Now, Ghana is seeking to attract this same market, of special-interest visitors prepared to travel further outside the capital. Mass package tourism is not a goal Ghana is pursuing, says the Tourism Minister, pointing out that ecotourists tend to come for longer and spend more money than those seeking luxury beach holidays.

Last week, the Tourism Ministry even back-tracked on its former goal of bringing one million tourists into the country in 2007 - up from an estimated 500,000 to 600,000 in 2006.

“At the time when that target was set in 2000, the average tourist was spending about one week here, and roughly $1,200. Now, the average tourist is spending $1,934 – which means we only need to receive about 700,000 to 800,000 to reach our $1.5bn annual income target.”

It needs to make a great deal more, however, if it is to reach the lofty heights of other tourism destinations: Thailand is very similar to Ghana in terms of population and national resources. It has beautiful beaches, rainforests, mountains and culture – just like Ghana. It brings in ¢26bn in tourism revenue every year.

“This cocoa circuit initiative will give us a path into ecotourism,” says the Tourism Minister, “but also – strangely enough – set us up well for some of the largest new developing outbound markets, which are Japan, Korea and China.”

In Japan, the brand leader for chocolate confectionary is a make called Ghana; and in Korea, the same thing. In China, with a population now over 1.3 million and still growing, chocolate is a product rapidly growing in popularity as markets open up to outside produce and the effects of globalistion are found. Industry analysts expect the Eastern giant to soon take the place as the world’s biggest chocolate consumer.
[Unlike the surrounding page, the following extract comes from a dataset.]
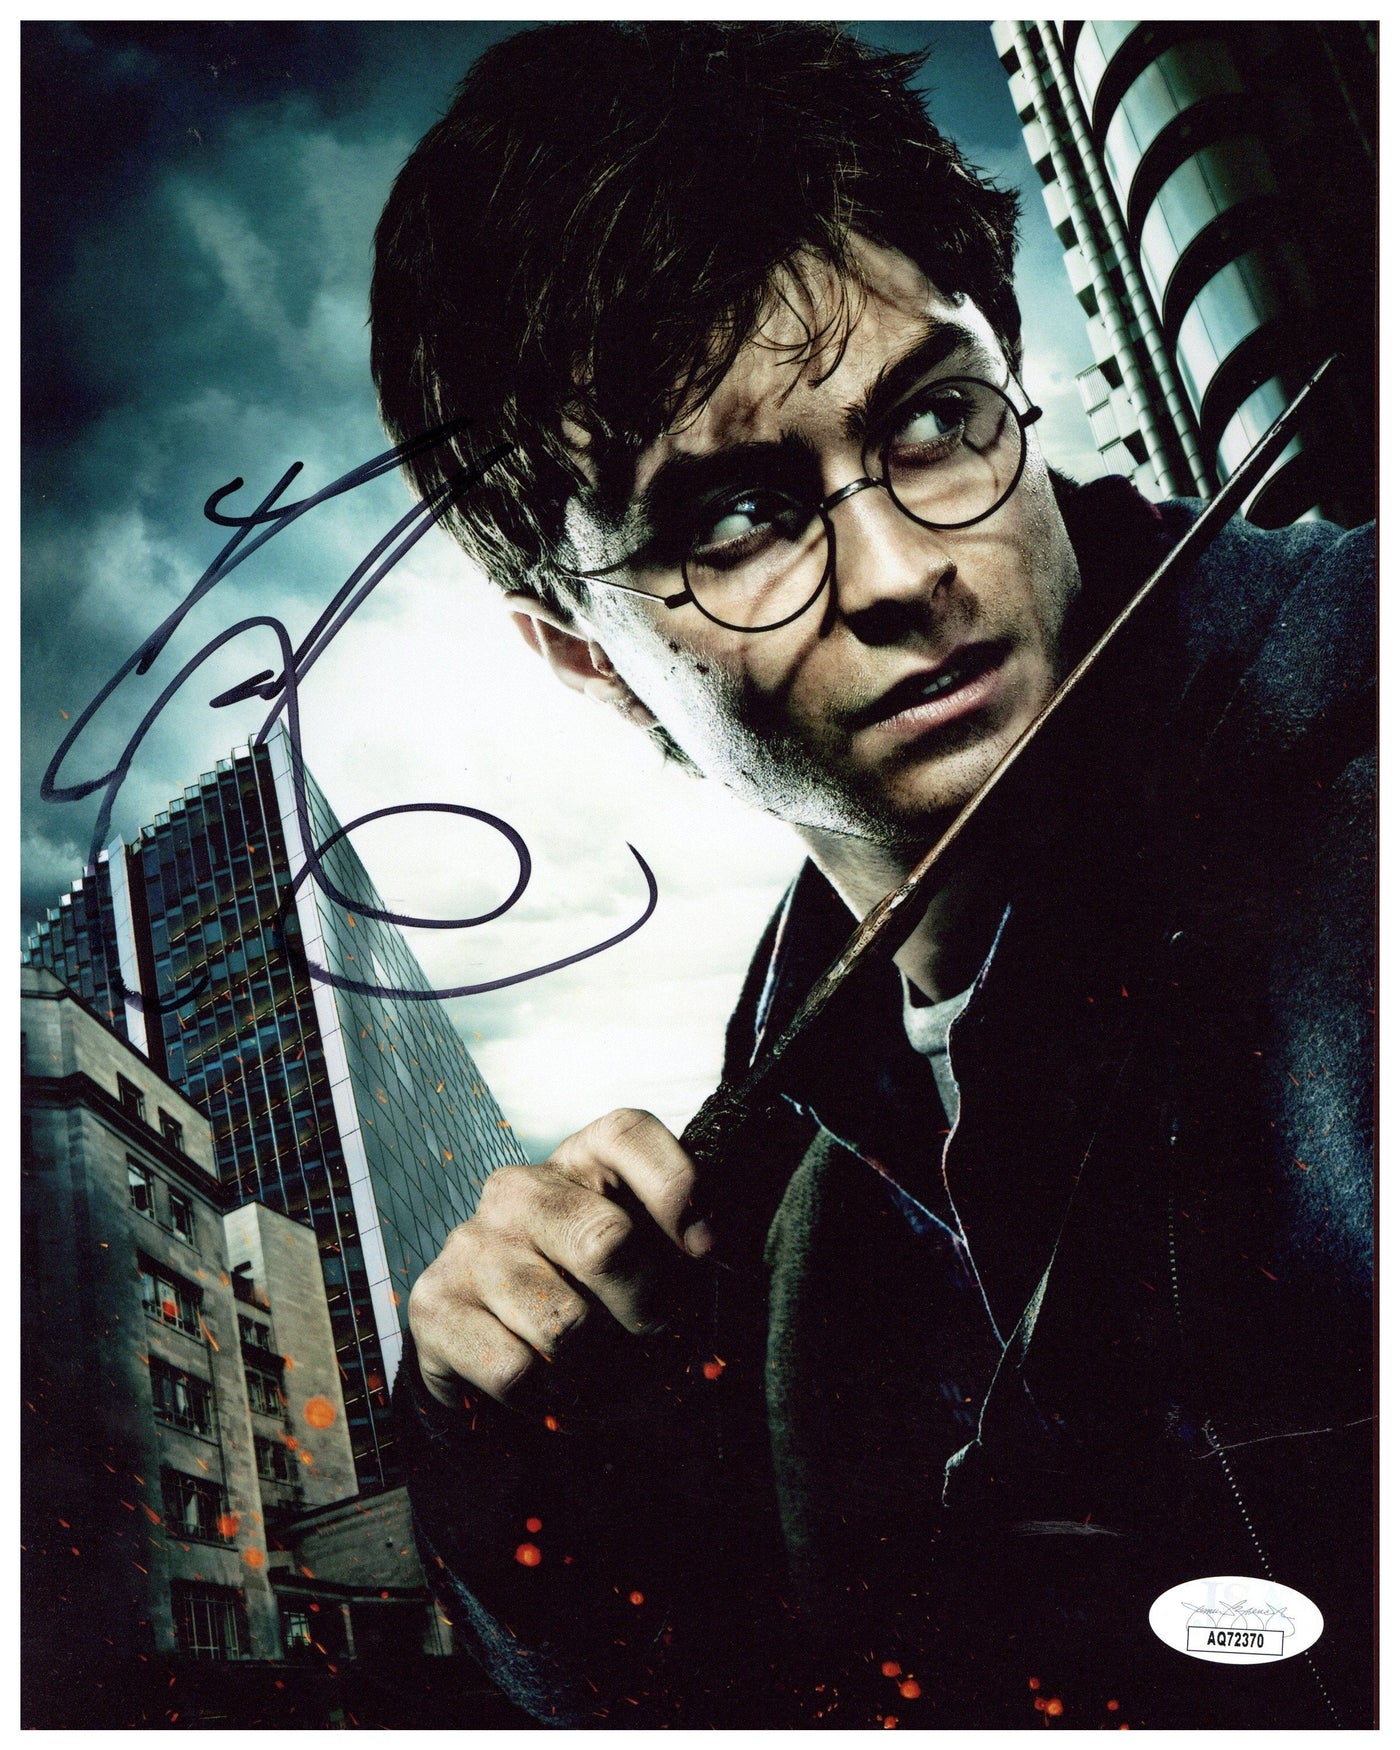 Daniel Radcliffe Signed 8x10 Photo Harry Potter Autographed JSA COA #4

Other commodity circuits are also being developed in Ghana, to encourage the “historical, cultural, environmental” lure of Ghana for the eco-tourist. A gold circuit will include tours of mines and mining communities, a mining museum and visits to jewellers.

Cultural circuits include a trail in the Northern Region, so tourists can see the way people live, their beliefs, and the Joseph Project pilgrimage root will see African Americans and others re-tracing the route of former West African slaves, right down through the country through the slave towns of the North to the trading towns and the final fortress destinations on the coast.